▸ **Problem to solve**: Taking the listing below, restate word for word each line from the line with "Camera Exterieur Bricomarche" to the line with "Un manifestante patea", ends included, and stop there.

▸ **Records provided**:
----

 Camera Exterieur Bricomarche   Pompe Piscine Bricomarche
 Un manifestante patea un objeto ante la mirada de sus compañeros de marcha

----

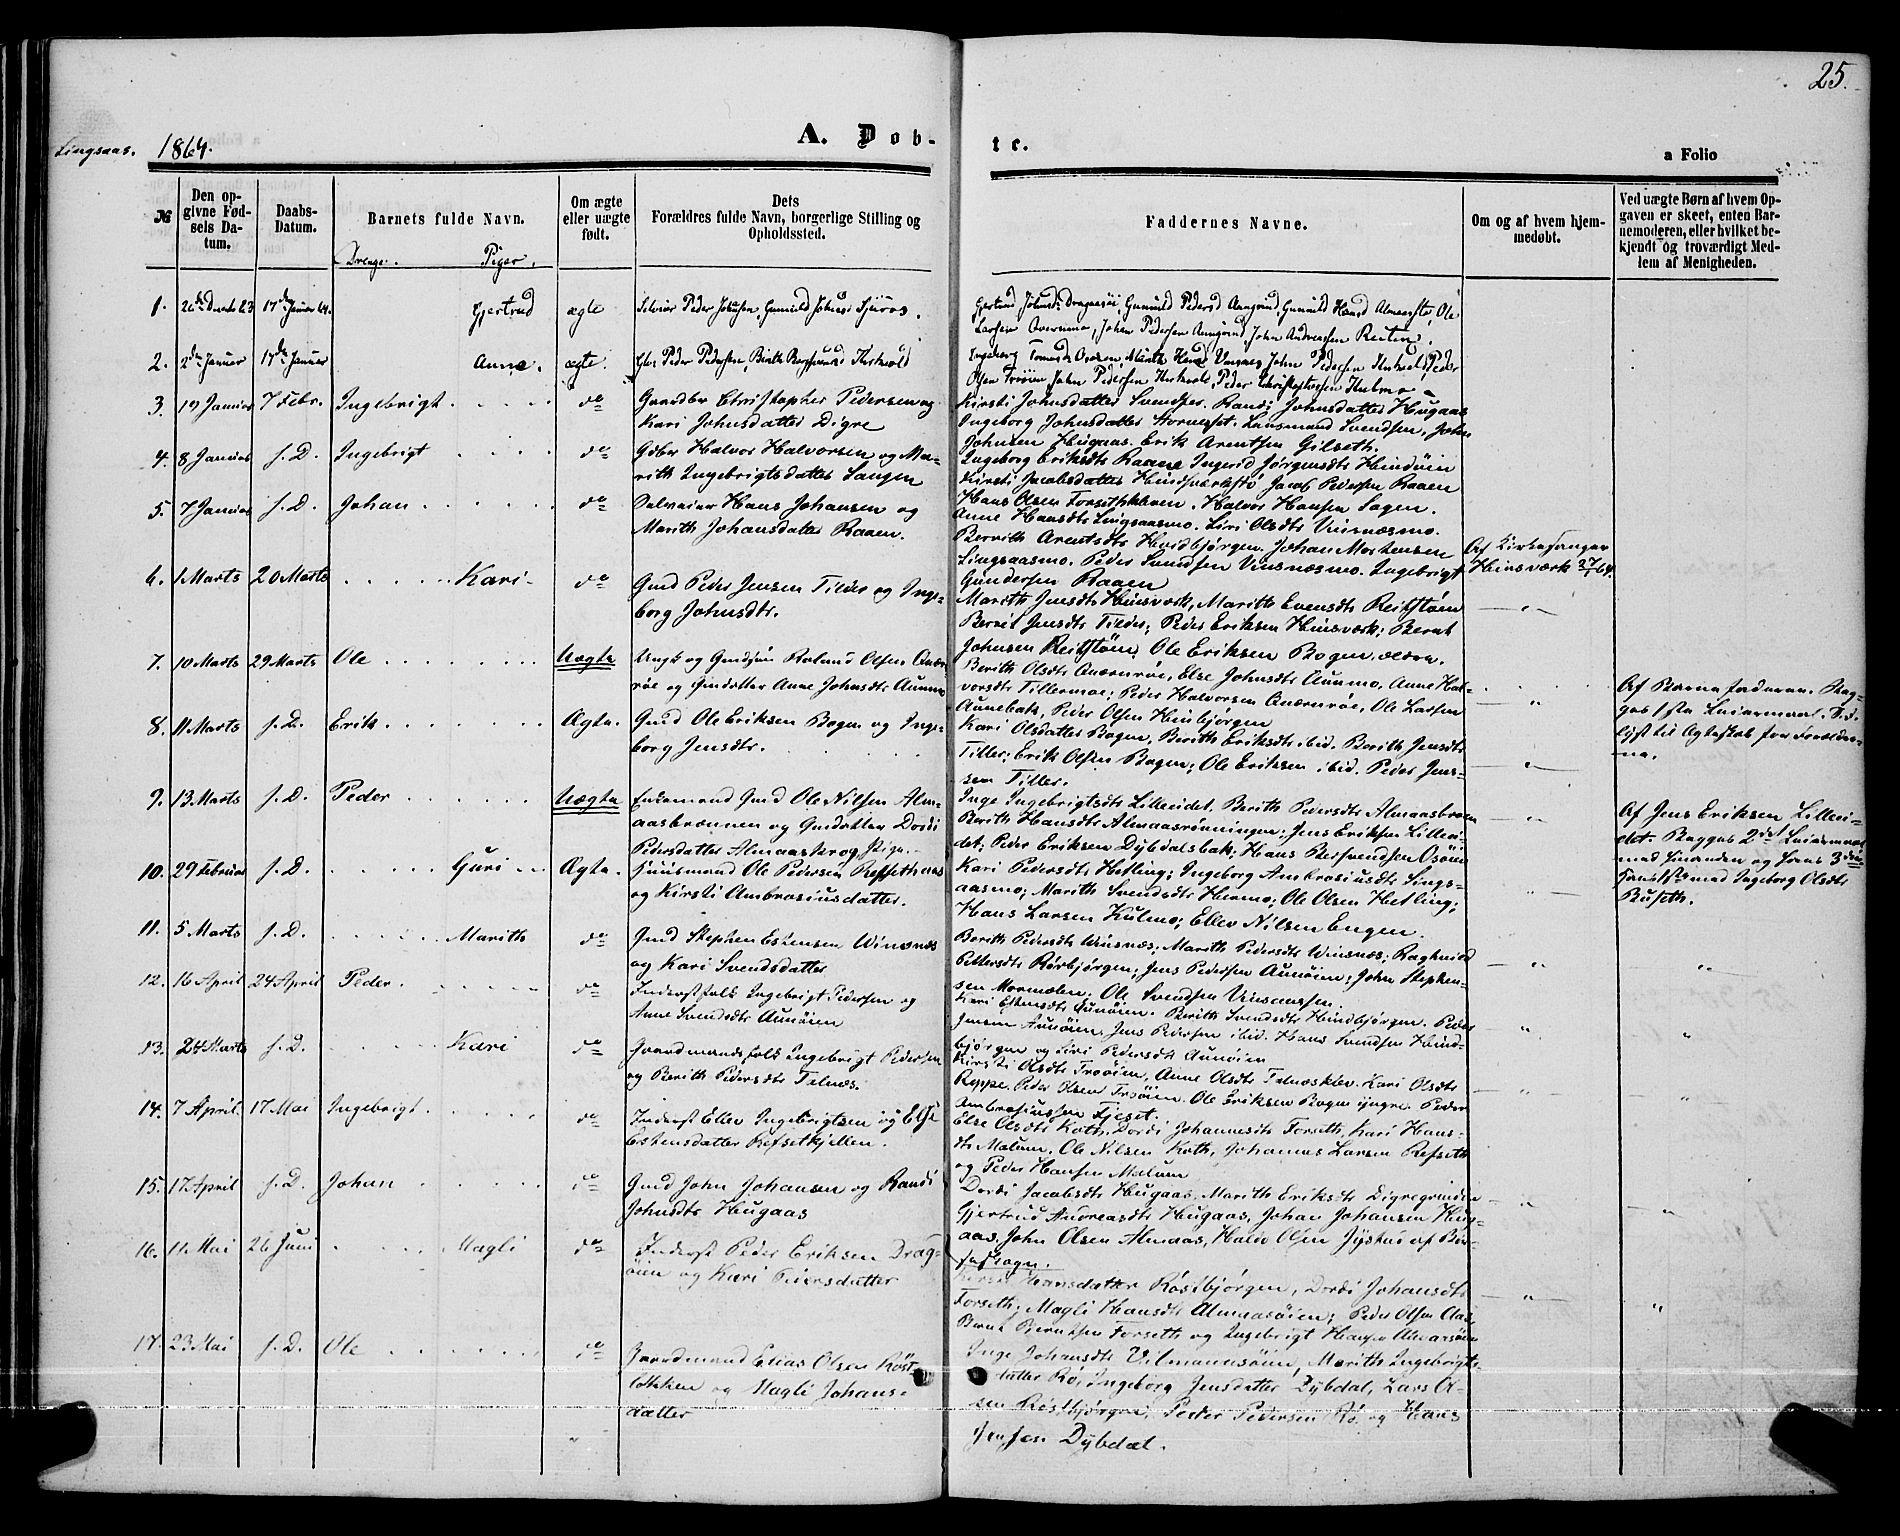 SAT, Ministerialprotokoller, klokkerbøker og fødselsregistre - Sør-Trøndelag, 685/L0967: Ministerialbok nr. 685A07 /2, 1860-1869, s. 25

----

▸ **Task response**:
 Camera Exterieur Bricomarche   Pompe Piscine Bricomarche
 Un manifestante patea un objeto ante la mirada de sus compañeros de marcha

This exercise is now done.